In dem Berliner "Archiv Lied und Soziale Bewegungen" werden Zeugnisse aus der Singe- und Liedermacherbewegung der DDR seit den 1960er Jahren gesammelt. Die von einem gemeinnützigen Verein verwalteten Materialien zeigen auf, wie schwierig es mitunter wird, kulturelle Opposition allein zwischen den Polaritäten staatstragend und systemfeindlich zu untersuchen.
Die internationale Folk-Welle, insbesondere aus den USA und Lateinamerika, ließ Mitte der 1960er Jahre auch in der DDR eine Singe- und Liedermacherbewegung entstehen. Sie waren nicht apriori Ausdruck kultureller Opposition im Lande. Den meisten der seit Mitte der 1960er Jahre zunächst unabhängig und selbstverwaltet aufgebauten Singegruppen wurden schnell ihre Freiräume gestrichen und sie für staatsoffizielle Politik instrumentalisiert. Doch behielten viele untereinander weiterhin einen vergleichsweise basisdemokratischen Charakter bei. Und nicht wenige unter denen, die sich zunächst in den Clubs und Veranstaltungen der Singebewegung einfanden, gehörten nur Jahre später zu denjenigen, die prominent gegen engstirnige kulturelle Grenzen und versteinerte politische Strukturen im Lande aufbegehrten, darunter so unterschiedliche Künstlerinnen und Künstler wie Bettina Wegner, Tamara Danz, Hans-Eckart Wenzel, Stephan Krawczyk oder Gerulf Pannach.

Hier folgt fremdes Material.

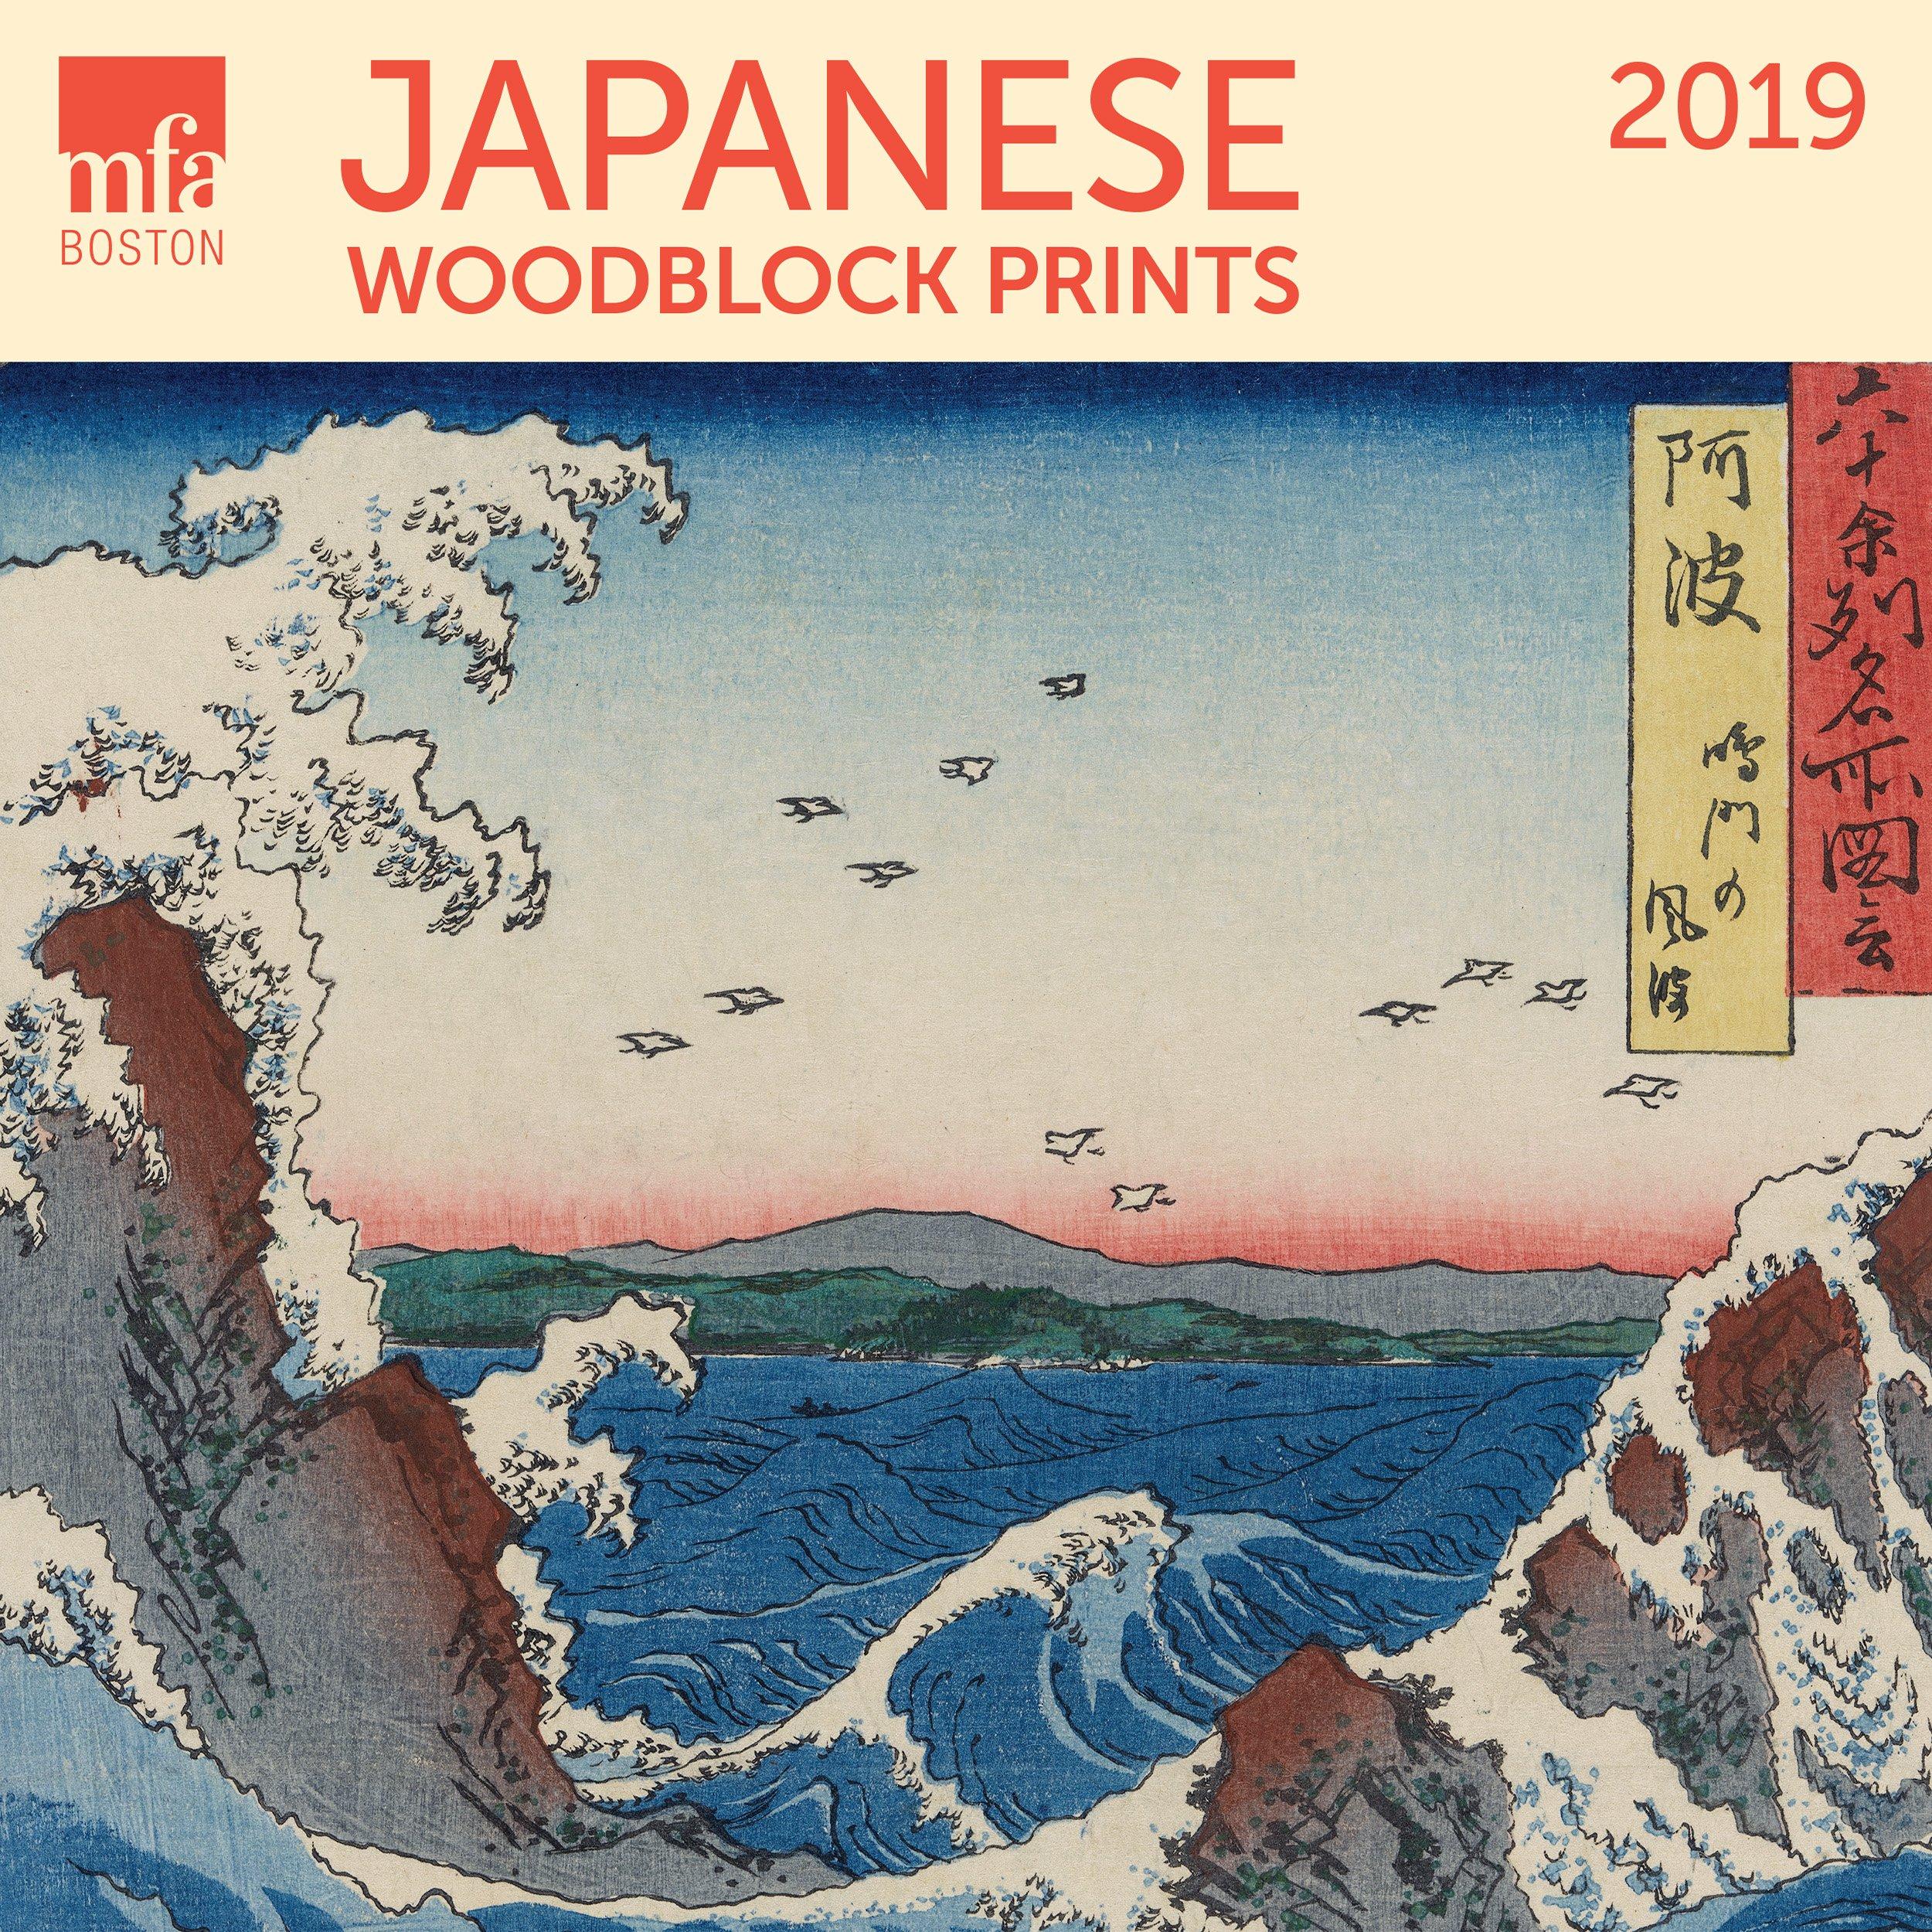 Japanese Woodblocks MFA, Boston Wall Calendar 2019 Monthly January-December 12'' x 12''

In einer Überblicksdarstellung zur Geschichte der Singebewegung in der DDR heisst es über deren Liedkultur, sie sei "gebraucht und mißbraucht, hochgeschätzt (Nationalpreis) und gefürchtet (Knast, Ausbürgerung)" worden sowie "Agitation und Akklamation, Chronik und Kritik, Ventil und Widerstand" gewesen (Vgl. Kirchenwitz: Folk, Chanson und Liedermacher in der DDR, 1993, Buchumschlag). Vor diesem Hintergrund lässt sich mit der Sammlung Lied und Soziale Bewegungen kulturelle Opposition als Graubereich zwischen den Polaritäten staatstragend und systemfeindlich wie auch in den Graubereichen der Gesellschaft der DDR untersuchen.
Die vom Verein Lied und Soziale Bewegungen zusammengetragenen Archivalia stammen zu großen Teilen aus privaten Beständen früherer Mitglieder und Anhänger der Liedermacher- und Singebewegung. Der Verein konnte aber ebenso Material aus dem Fundus des 1993 eingestellten Jugendradiosenders DT64 übernehmen. Er arbeitet eng mit dem Deutschen Rundfunkarchiv in Potsdam-Babelsberg und der Berliner Akademie der Künste zusammen.
Inhaltsbeschreibung
Neben einem Plakat- und dem Tonarchiv ist das Liedblattarchiv hervorzuheben. So wie es in der DDR zu einer politischen Kulturtechnik geworden war "zwischen den Zeilen" zu lesen, so konnte "zwischen den Zeilen" auch gehört werden. Insgesamt befinden sich 635 Liedblätter im Archiv Lied und Soziale Bewegungen, darunter viele Beiträge des früheren Festivals des politischen Liedes (1970-1990). Zwar wurde dieses offiziell vom Jugendverband Freie Deutsche Jugend ausgerichtet. In das Programm - insbesondere auf den kleinen Nebenbühnen - konnten jedoch immer wieder "anstössige" Gruppen und Liedermacher eingebaut werden. Vor allem die internationalen Beiträge kamen für das Kulturleben des Landes wie oftmals auch für kritische Geister einer Frischzellenkur gleich.